DIRECTIONS. From the first line to the last, copy the material exactly and leave the pictures out.

PROVIDED MATERIAL.
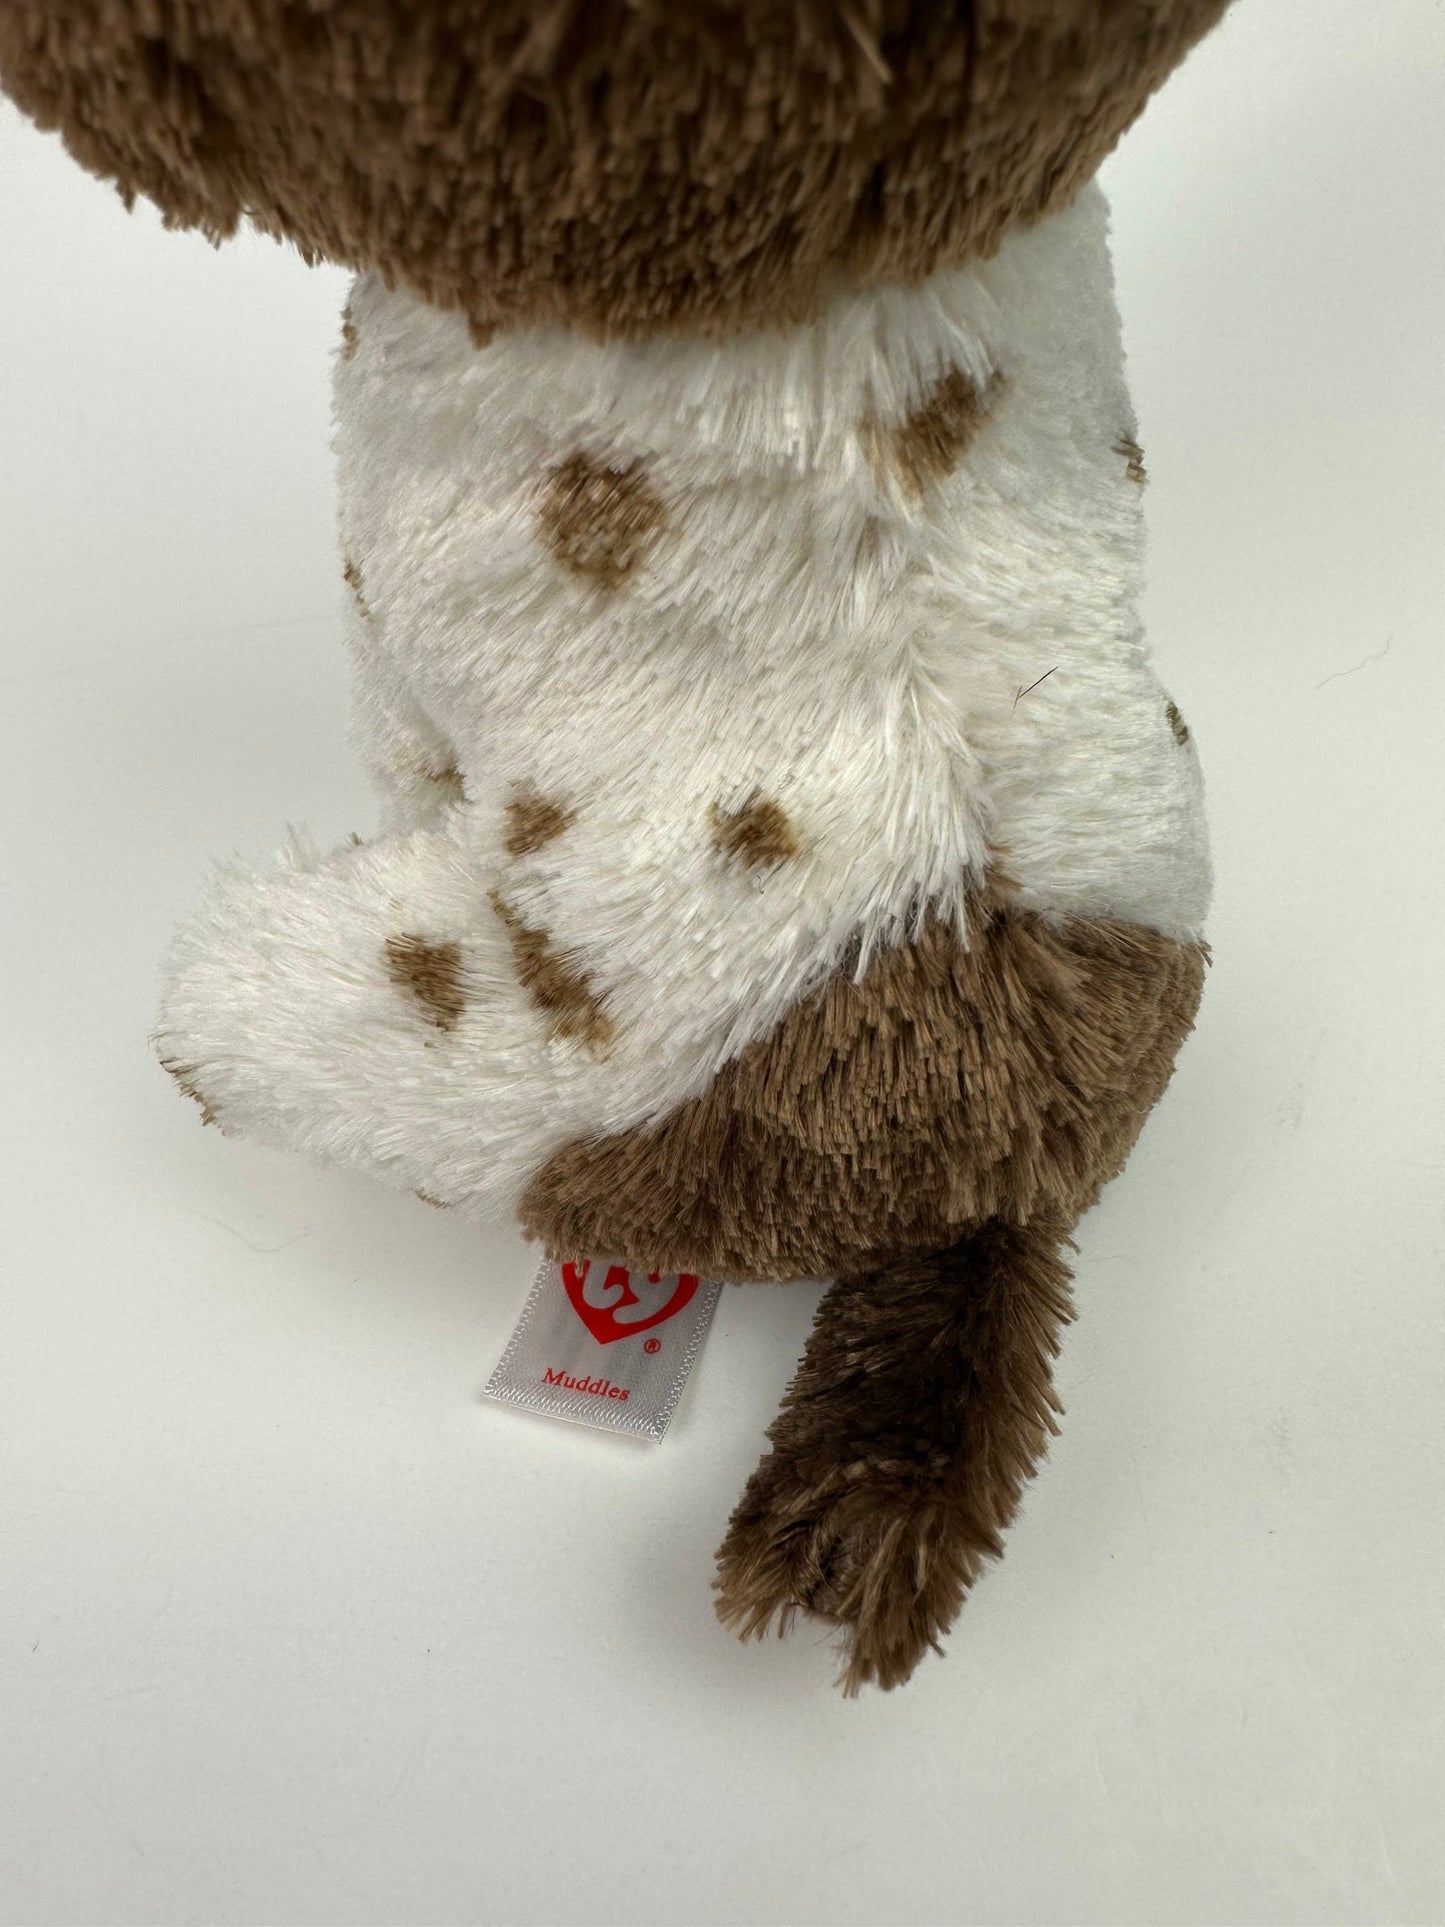 Ty Beanie Boo “Muddles” the Dog (6 inch)
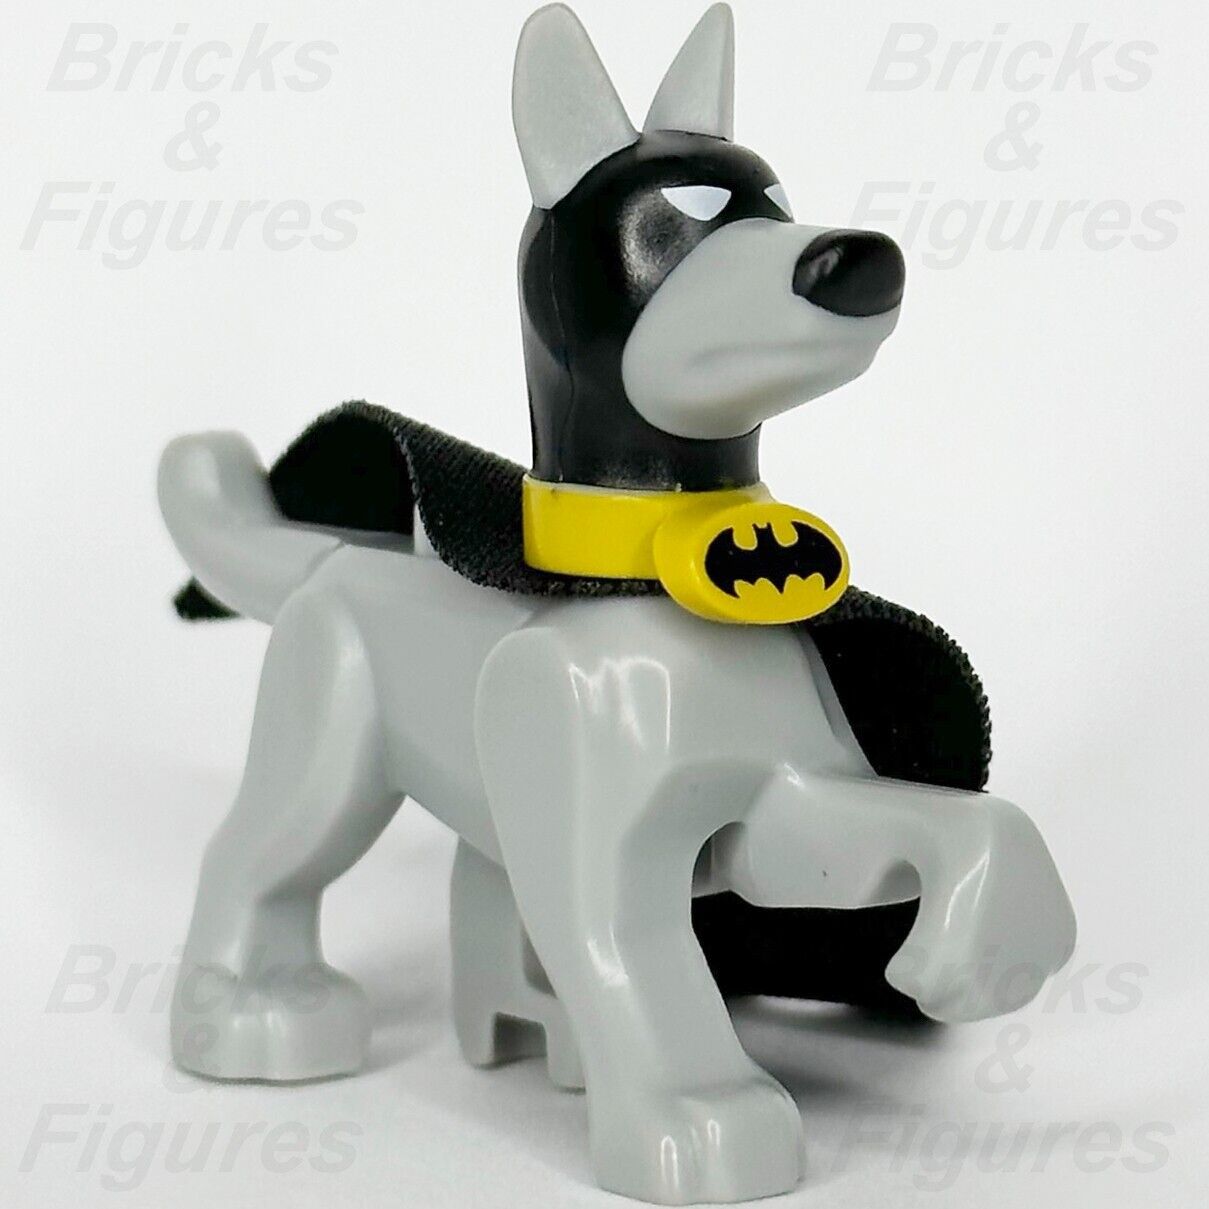 LEGO DC Super Heroes Ace the Bat-Hound Minifigure Dog Batman 2 76110 30533c02 1
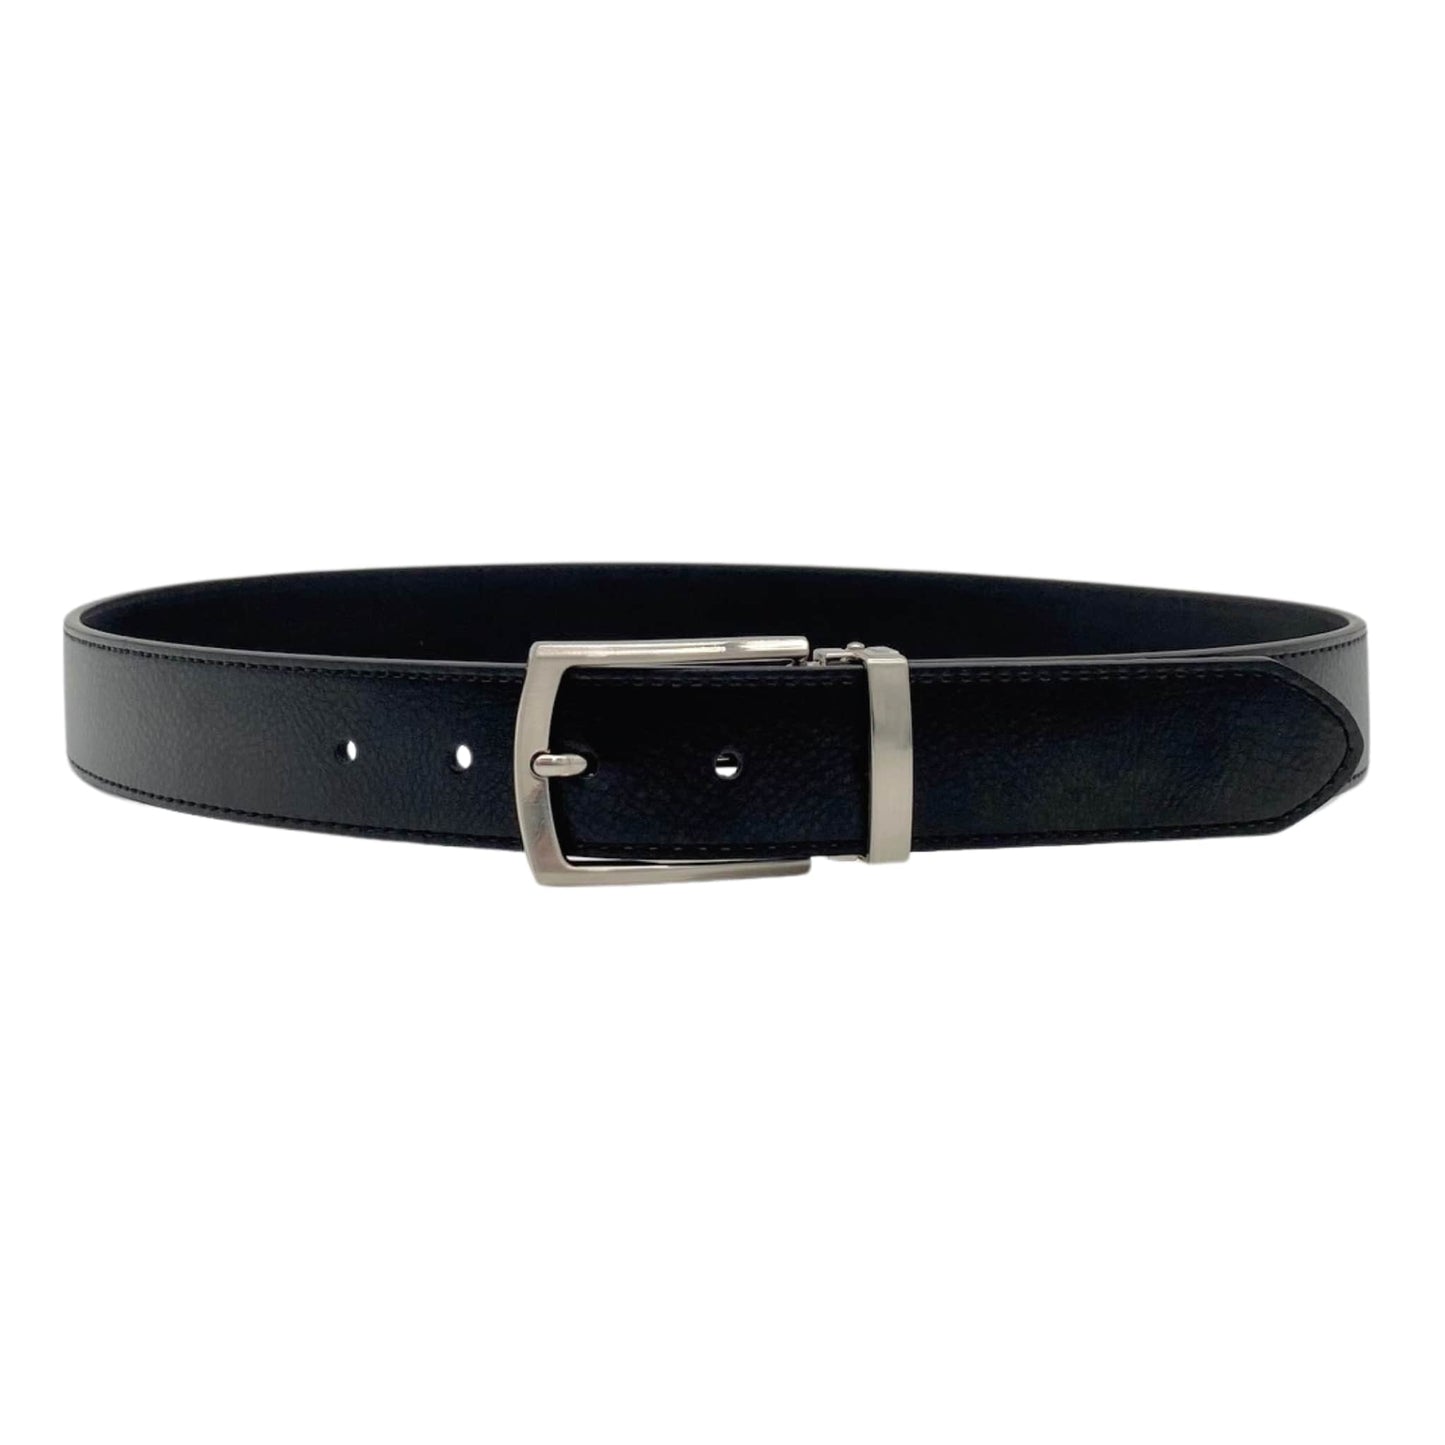 Ace - Men's Black Genuine Leather Belt – The Fitting Belt Company
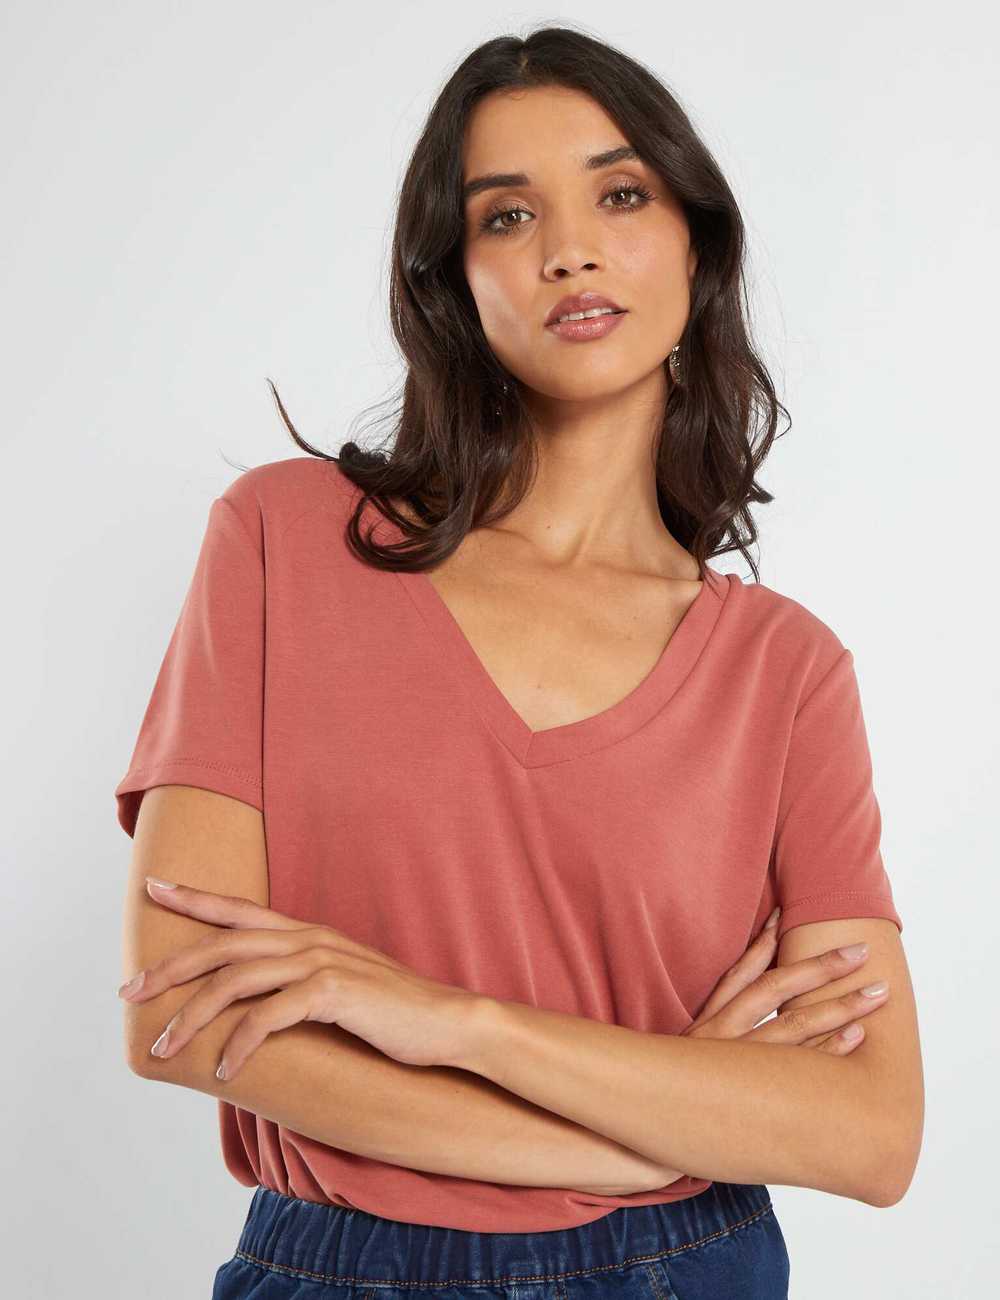 Buy Soft fabric short-sleeved T-shirt Online in Dubai & the UAE

WRITTEN RESPONSE.
 Ty Beanie Boo “Muddles” the Dog (6 inch)
 LEGO DC Super Heroes Ace the Bat-Hound Minifigure Dog Batman 2 76110 30533c02 1
 Ace - Men's Black Genuine Leather Belt – The Fitting Belt Company
 Buy Soft fabric short-sleeved T-shirt Online in Dubai & the UAE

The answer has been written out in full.